# ABS Lockup while driving- 95 Jetta VR6



## Strikethebox62 (Sep 14, 2010)

I am having a issue with my brakes locking up and grabbing very hard while driving. I can hear a groaning noise coming from right behind my fire wall near my feet. I had the module replaced & all 4 abs sensors, however Ican get the brakes to operate properly after turning off the car and restarting it once the abs light comes on... but still having the issue quite often. Any input to what the problem might be?
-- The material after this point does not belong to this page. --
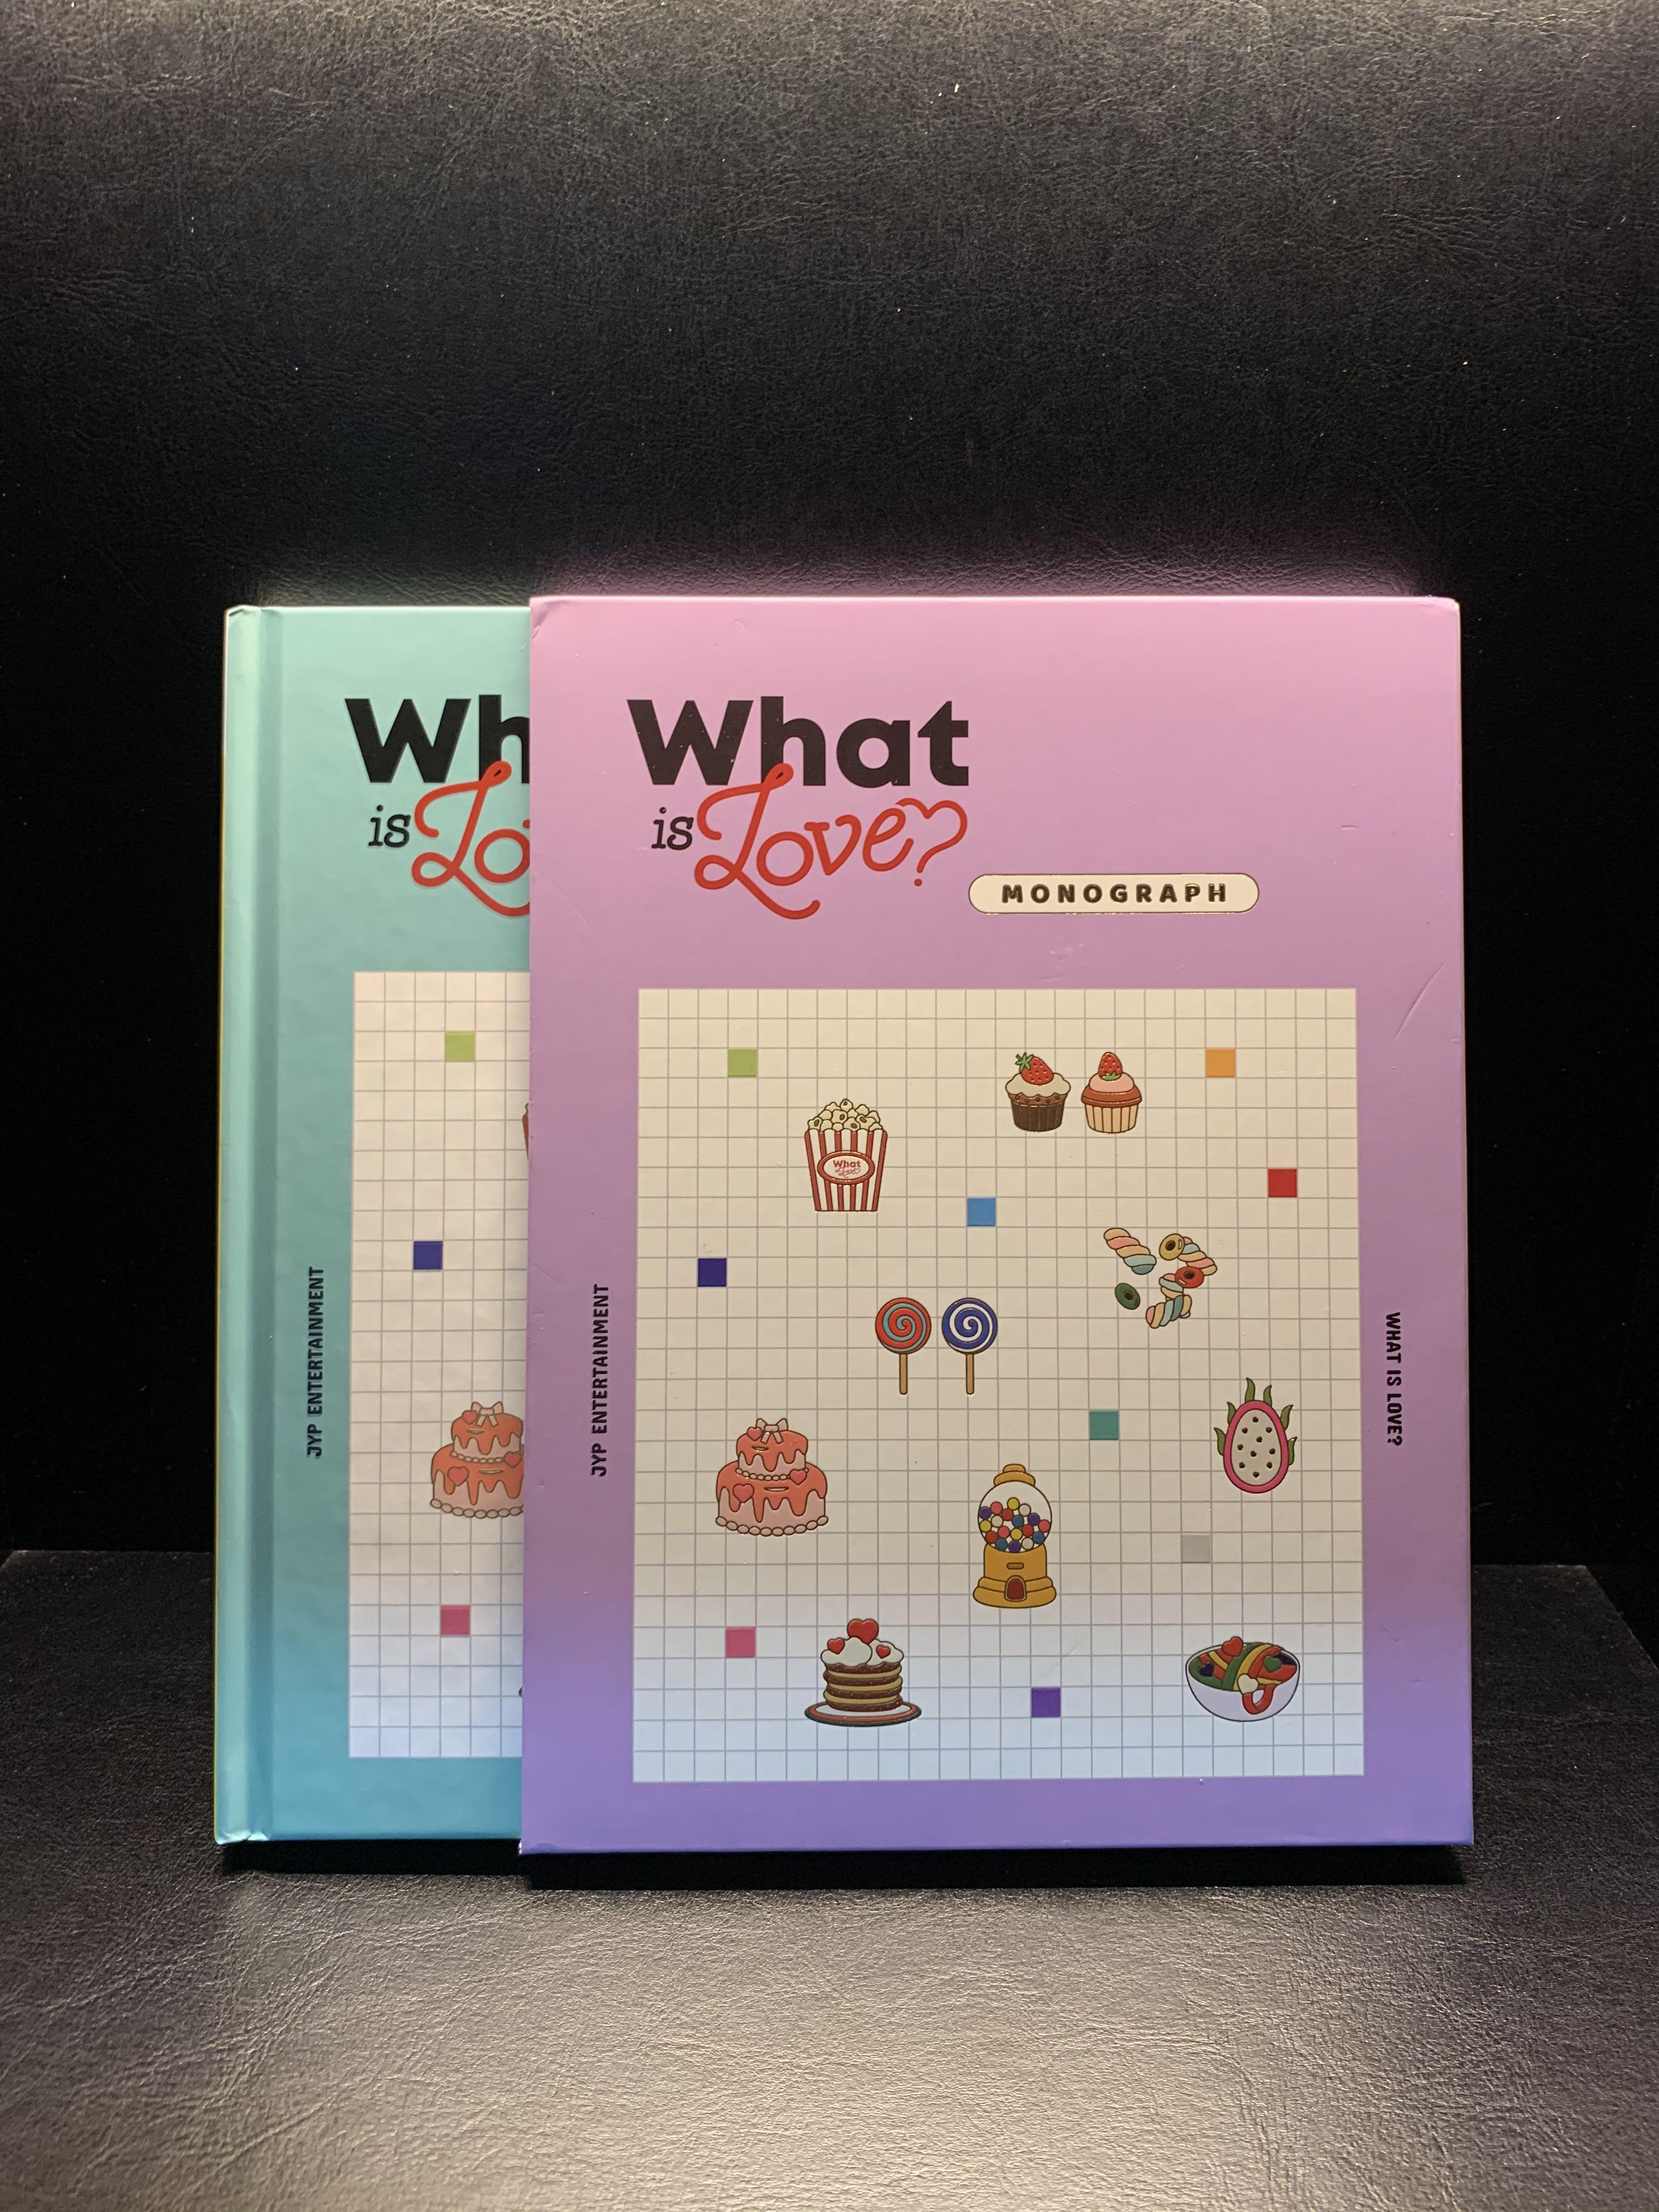 Twice - What is Love ? < 𝘮𝘰𝘯𝘰𝘨𝘳𝘢𝘱𝘩 >

Again the car is a 95 jetta vr6 glx 


Should i consider at this point just doing an abs delete? 
Thanks.


----------



## greyhare (Dec 24, 2003)

Are there any codes?


----------



## EuroSportChicago (Jun 9, 2010)

are any of the wires damaged?

x2 for the codes??

Personally I would just take it out lol problem solved


----------



## GTijoejoe (Oct 6, 2001)

Here is some general info to rethink your problem.
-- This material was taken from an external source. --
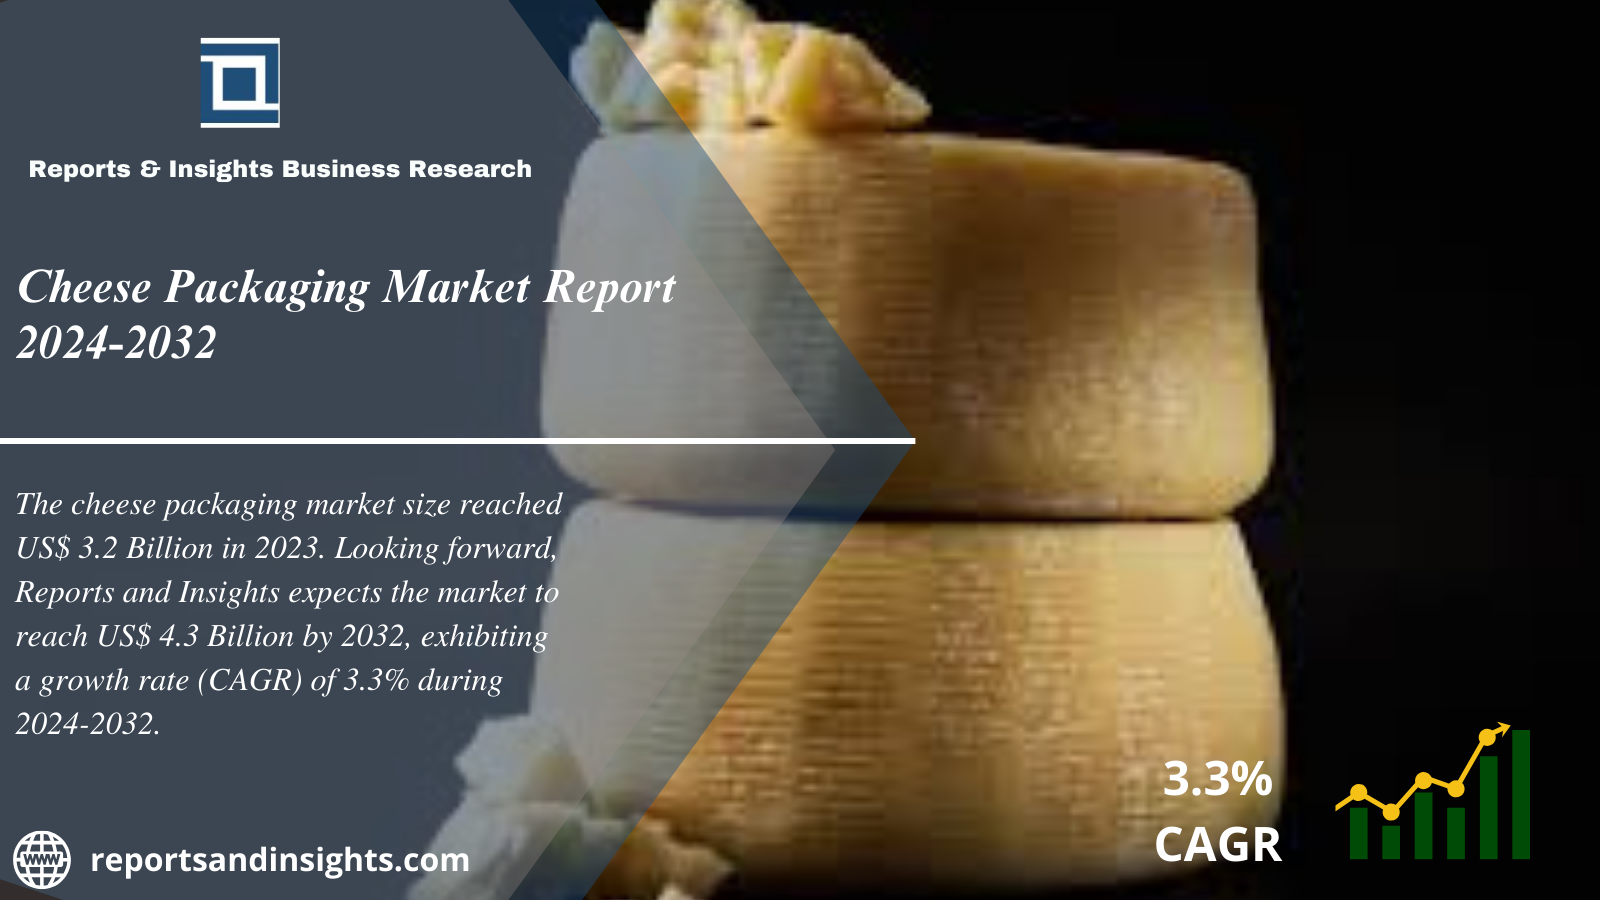 Cheese Packaging Market 2024 to 2032: Size, Share, Demand, And Future Scope

ABS does not apply brakes, it only releases pressure, hence anti-lock. 

If your ABS light aluminates on the dash, the ABS system has discovered a fault and has disabled the system for safety.
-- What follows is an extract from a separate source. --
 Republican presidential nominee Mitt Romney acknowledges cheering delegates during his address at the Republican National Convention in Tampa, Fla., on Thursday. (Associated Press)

If your car has EBD or VSA/traction control etc. those functions apply line pressure for corner braking (steering).

Module replaced + all sensors replaced but still have problems (when ABS light is off), you probably have a wiring issue or a tone ring issue on your bearings/axles. 

(we assume all 4 tires are the same size and stupid nonsense like that)


----------



## Strikethebox62 (Sep 14, 2010)

greyhare said:


> Are there any codes?



sorry for the delay, here are the codes as follows,



3 Faults Found:

00290 - ABS Wheel Speed Sensor; Rear Left (G46) 
16-00 - Signal Outside Specifications
00290 - ABS Wheel Speed Sensor; Rear Left (G46) 
04-00 - Mechanical Malfunction
00287 - ABS Wheel Speed Sensor; Rear Right (G44) 
04-00 - Mechanical Malfunction


----------



## Strikethebox62 (Sep 14, 2010)

since all the abs sensors were replaced in feburary,along with the module, you could be right about the wiring issue. the previous owner said this abs issue started after getting new tires at costco.

last night i pulled the fuse for the abs relay, so it works just fine now without it.:thumbup:


----------



## dkfackler (Feb 8, 2010)

Strikethebox62 said:


> since all the abs sensors were replaced in feburary,along with the module, you could be right about the wiring issue. the previous owner said this abs issue started after getting new tires at costco.
> 
> last night i pulled the fuse for the abs relay, so it works just fine now without it.:thumbup:


My guess is the tire gorillas damaged some wiring, or inadvertently unplugged the sensors.


----------



## EuroSportChicago (Jun 9, 2010)

dkfackler said:


> My guess is the tire gorillas damaged some wiring, or inadvertently unplugged the sensors.


Costco dude : "I dont know what this does. I guess its ok to smash it on accident"


----------